| Task item |
From the material below, reproduce exactly the stretch of lines that begins with the line holding "Under Stock Photo" and ends with the line holding "Engraving of author Henry Morford", skipping the pictures.
Dataset section start
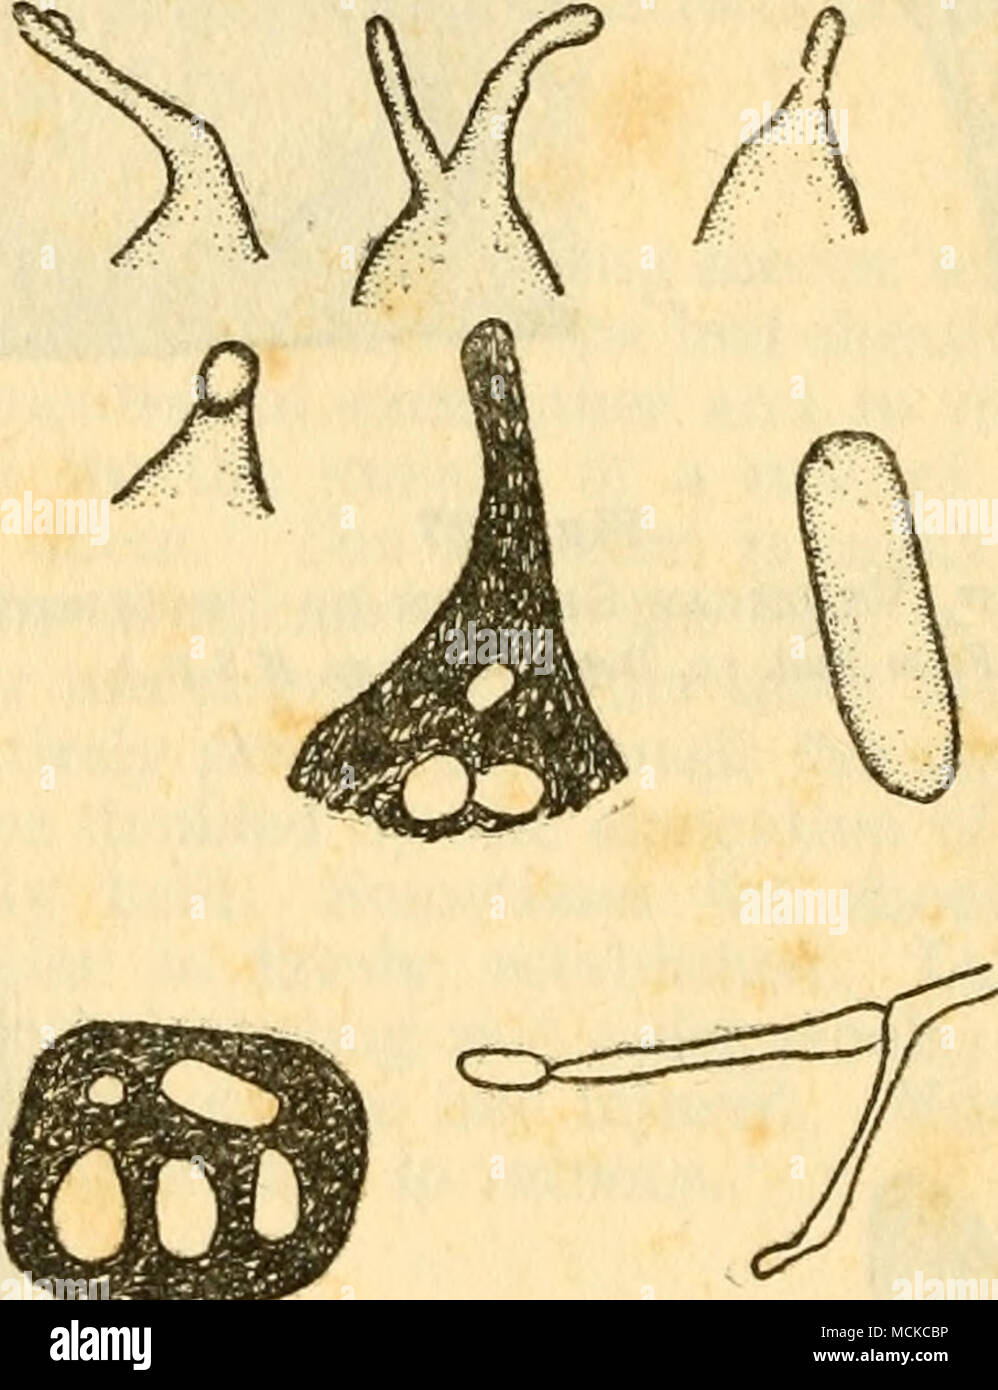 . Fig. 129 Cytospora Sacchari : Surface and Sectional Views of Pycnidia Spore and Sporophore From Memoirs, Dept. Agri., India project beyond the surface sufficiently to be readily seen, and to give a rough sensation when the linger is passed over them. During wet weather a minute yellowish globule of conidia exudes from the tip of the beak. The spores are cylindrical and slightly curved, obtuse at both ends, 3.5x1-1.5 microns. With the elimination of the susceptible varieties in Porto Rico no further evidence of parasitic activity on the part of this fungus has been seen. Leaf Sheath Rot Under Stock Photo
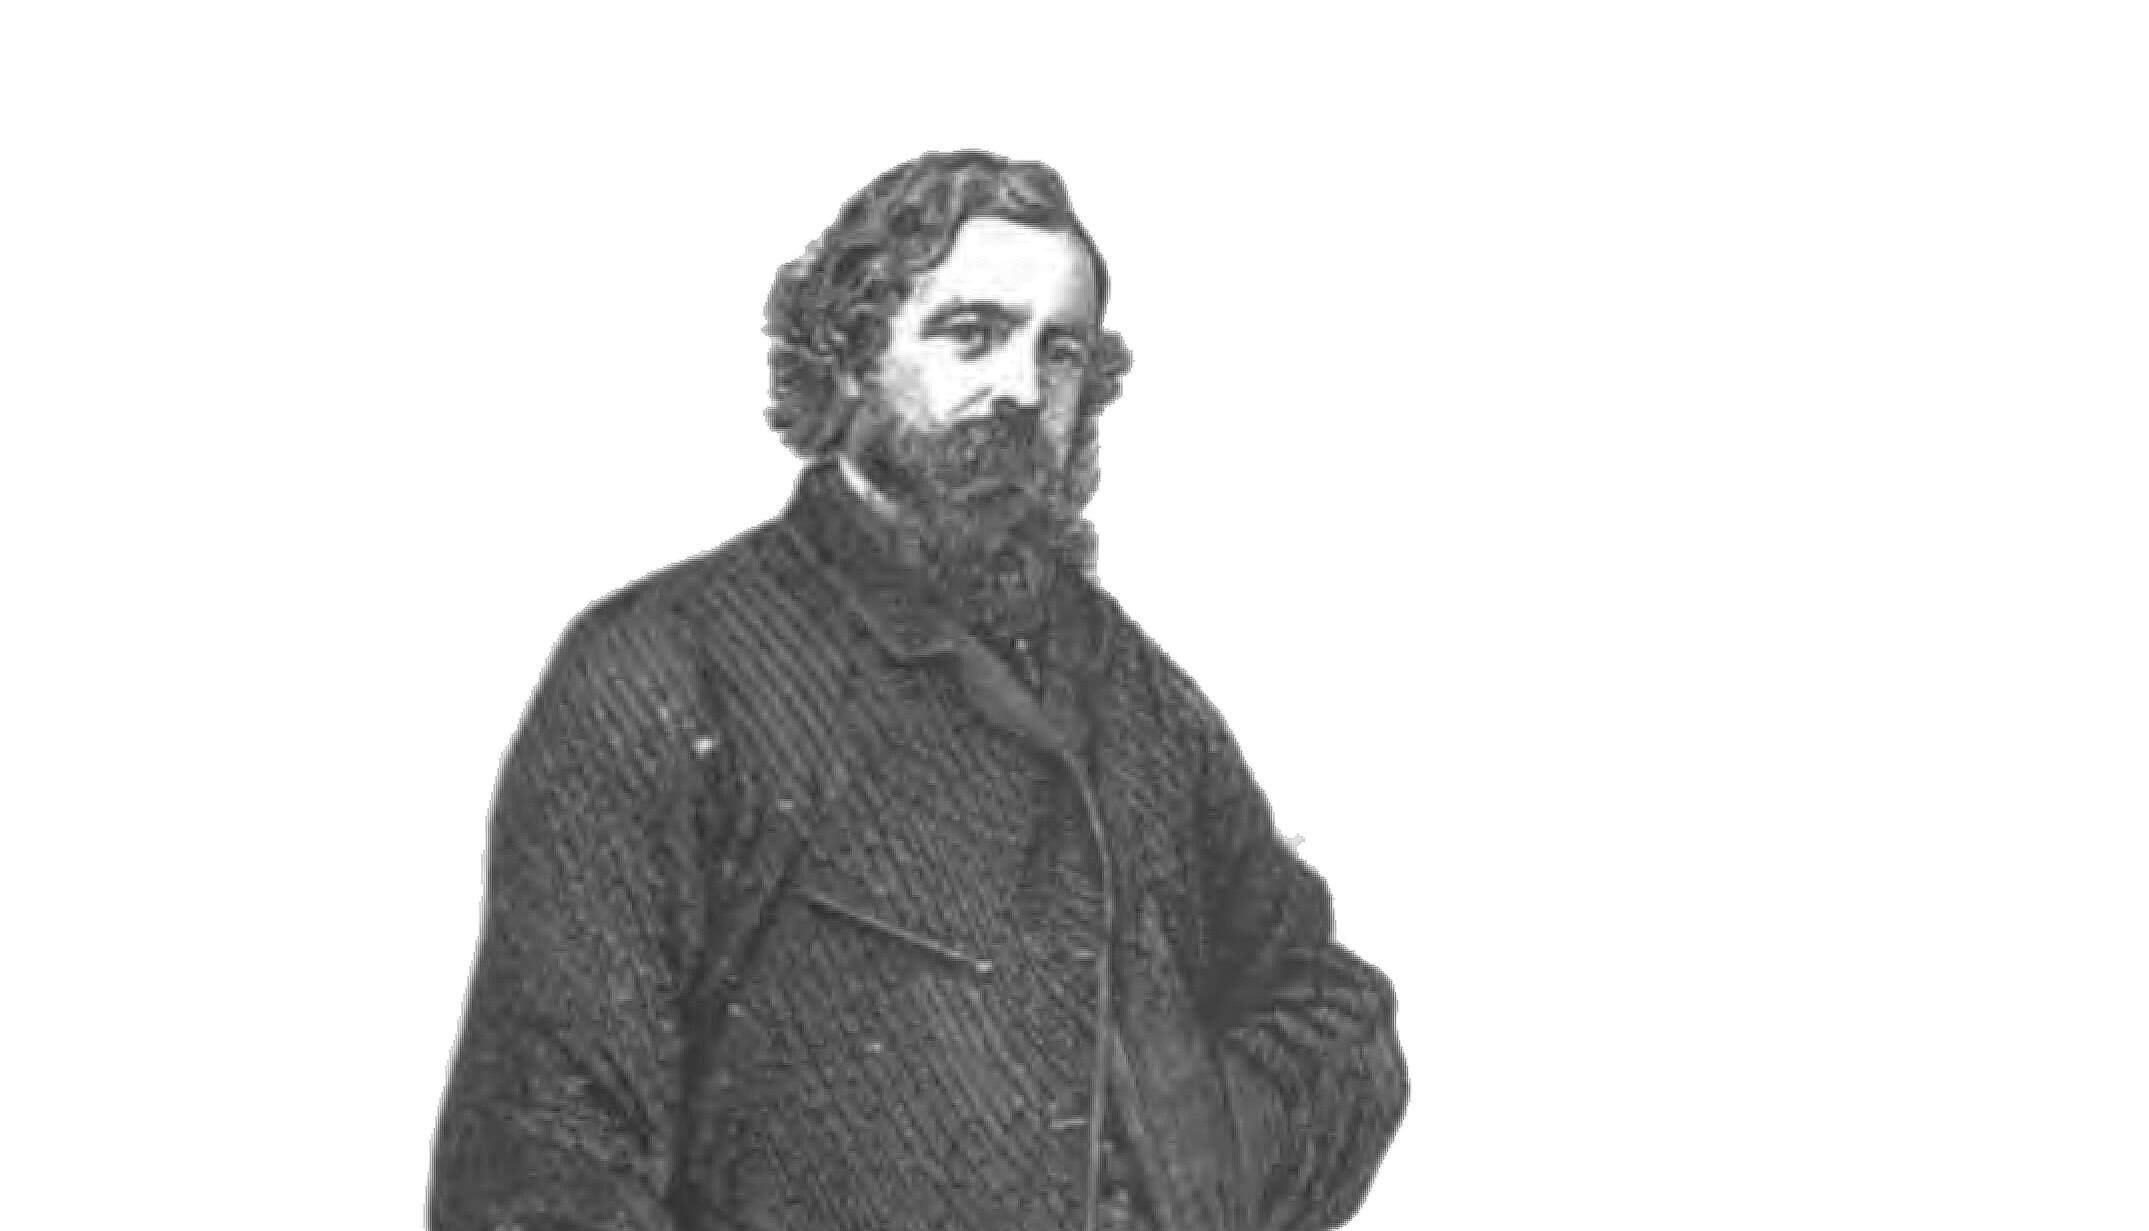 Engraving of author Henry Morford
Dataset section end
Dataset section start
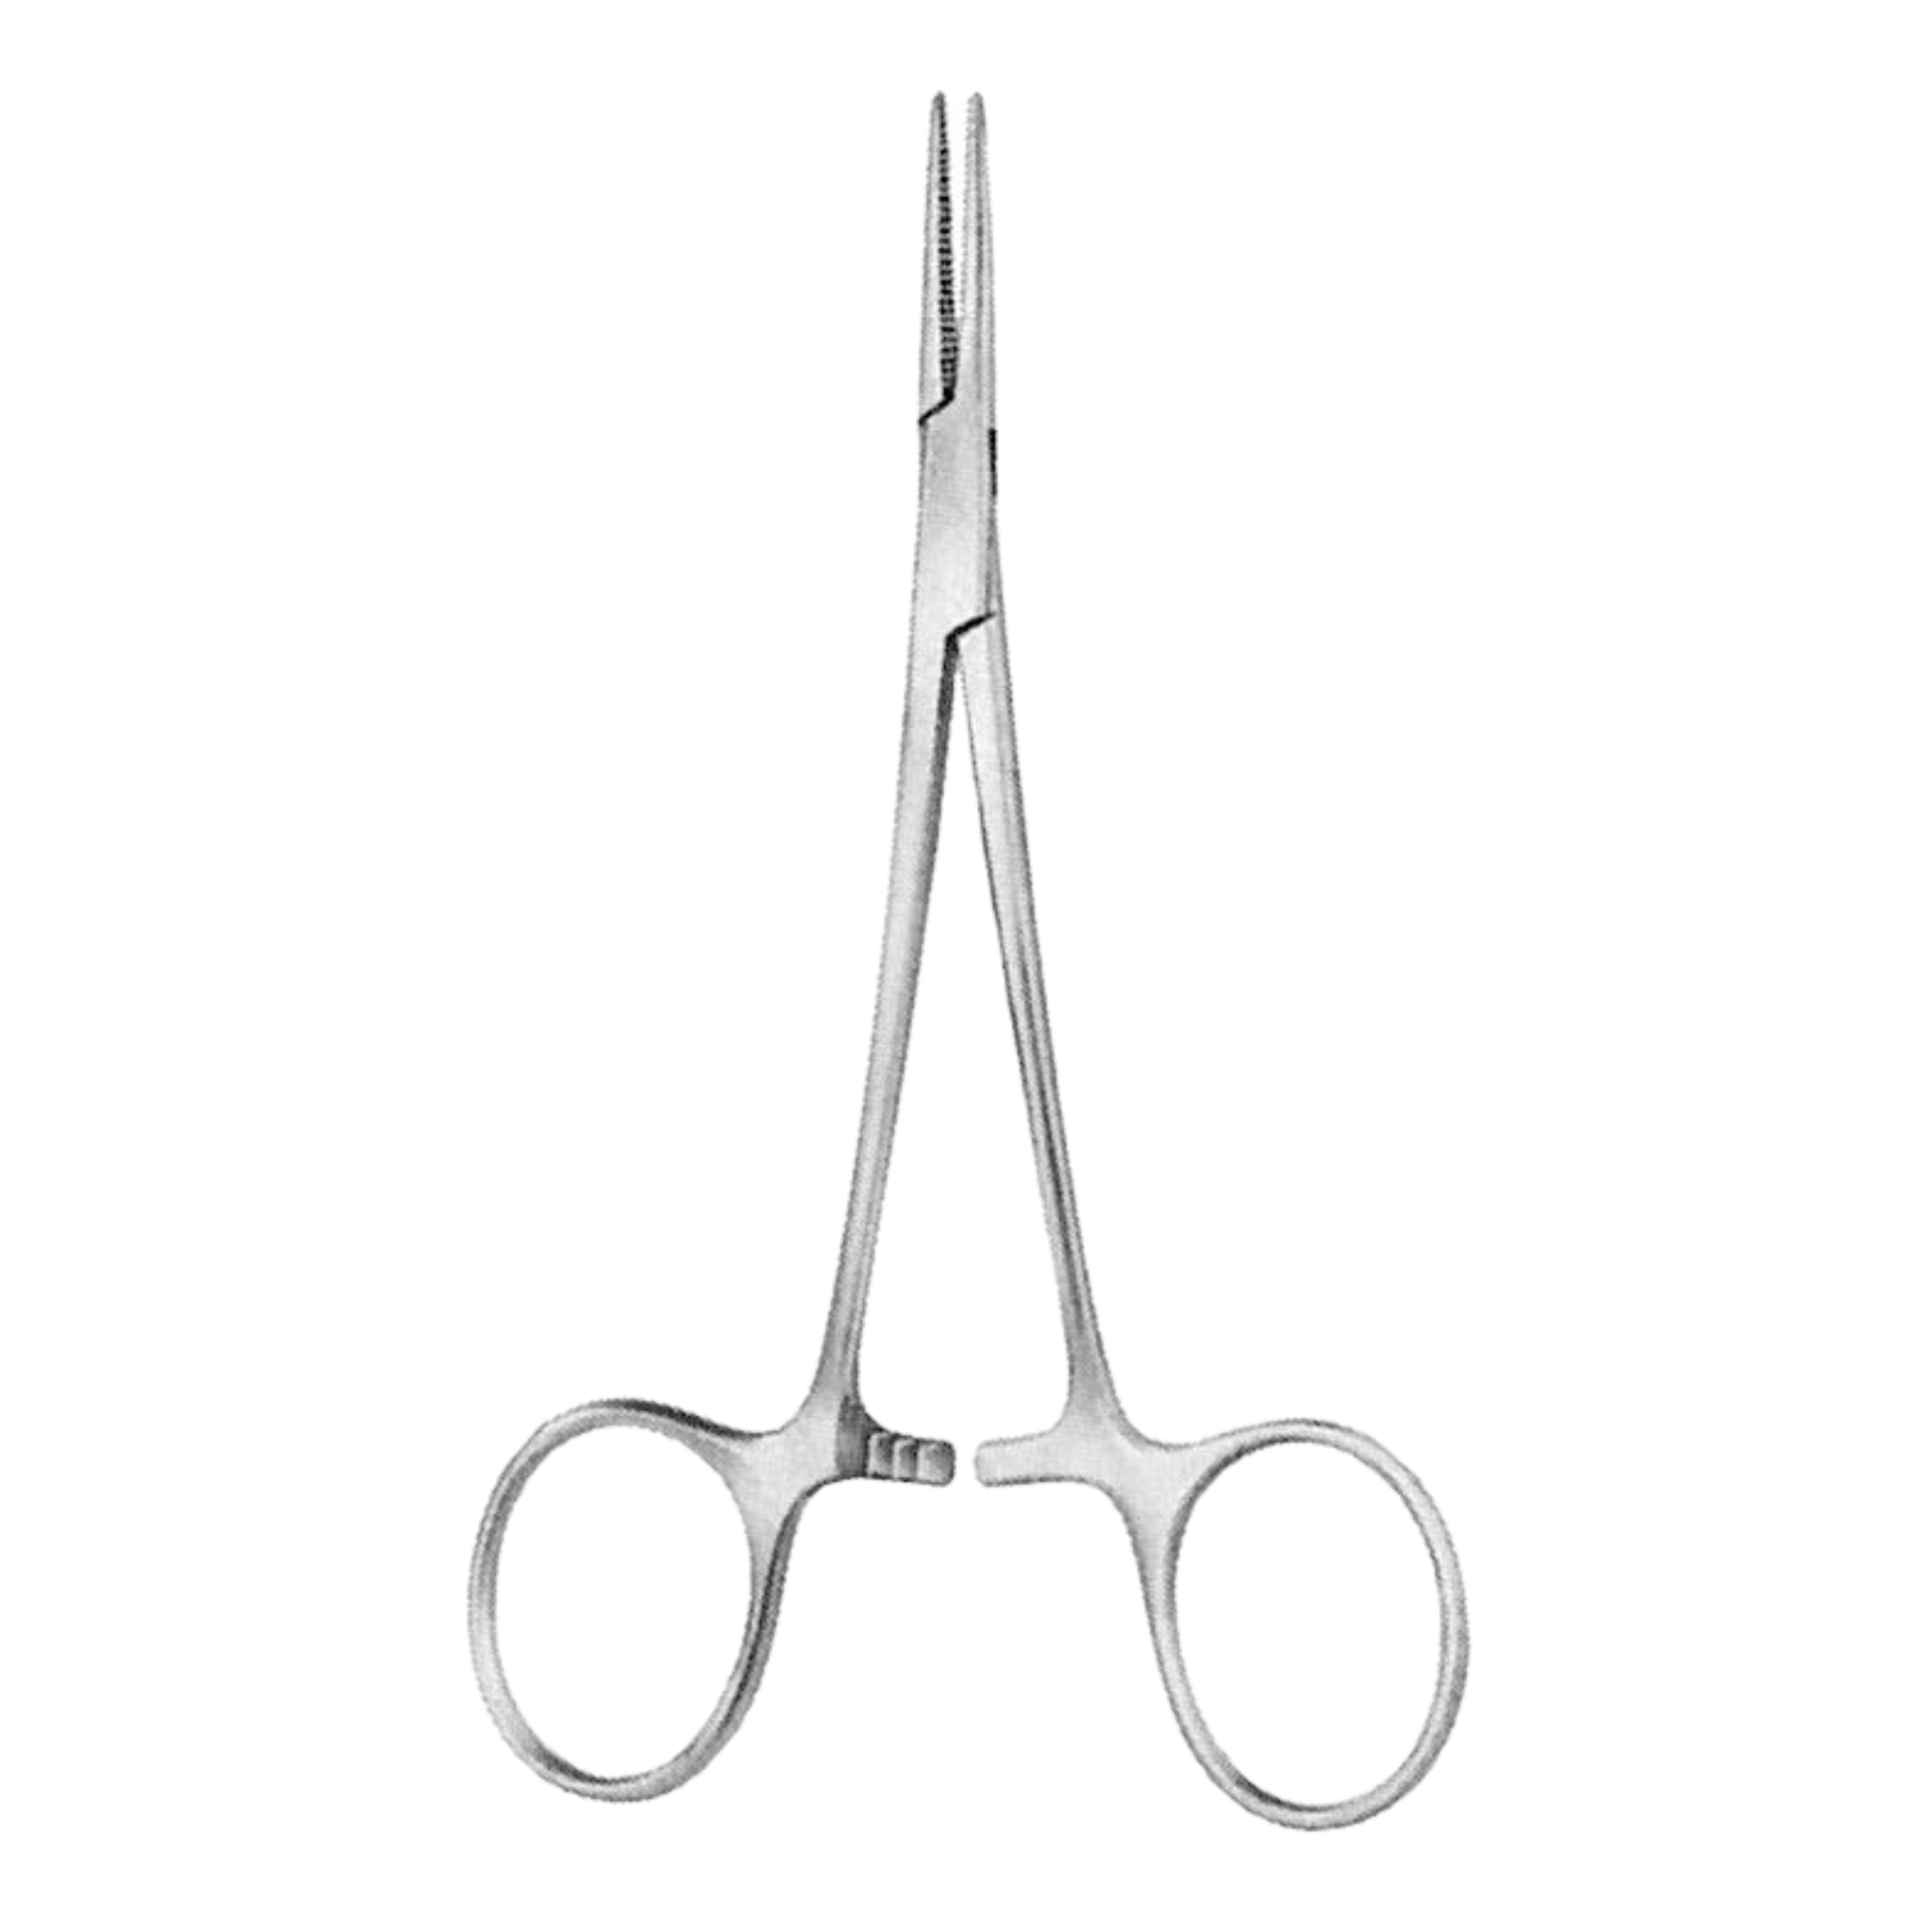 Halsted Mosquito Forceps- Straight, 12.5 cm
Dataset section end
| Task solution |
 . Fig. 129 Cytospora Sacchari : Surface and Sectional Views of Pycnidia Spore and Sporophore From Memoirs, Dept. Agri., India project beyond the surface sufficiently to be readily seen, and to give a rough sensation when the linger is passed over them. During wet weather a minute yellowish globule of conidia exudes from the tip of the beak. The spores are cylindrical and slightly curved, obtuse at both ends, 3.5x1-1.5 microns. With the elimination of the susceptible varieties in Porto Rico no further evidence of parasitic activity on the part of this fungus has been seen. Leaf Sheath Rot Under Stock Photo
 Engraving of author Henry Morford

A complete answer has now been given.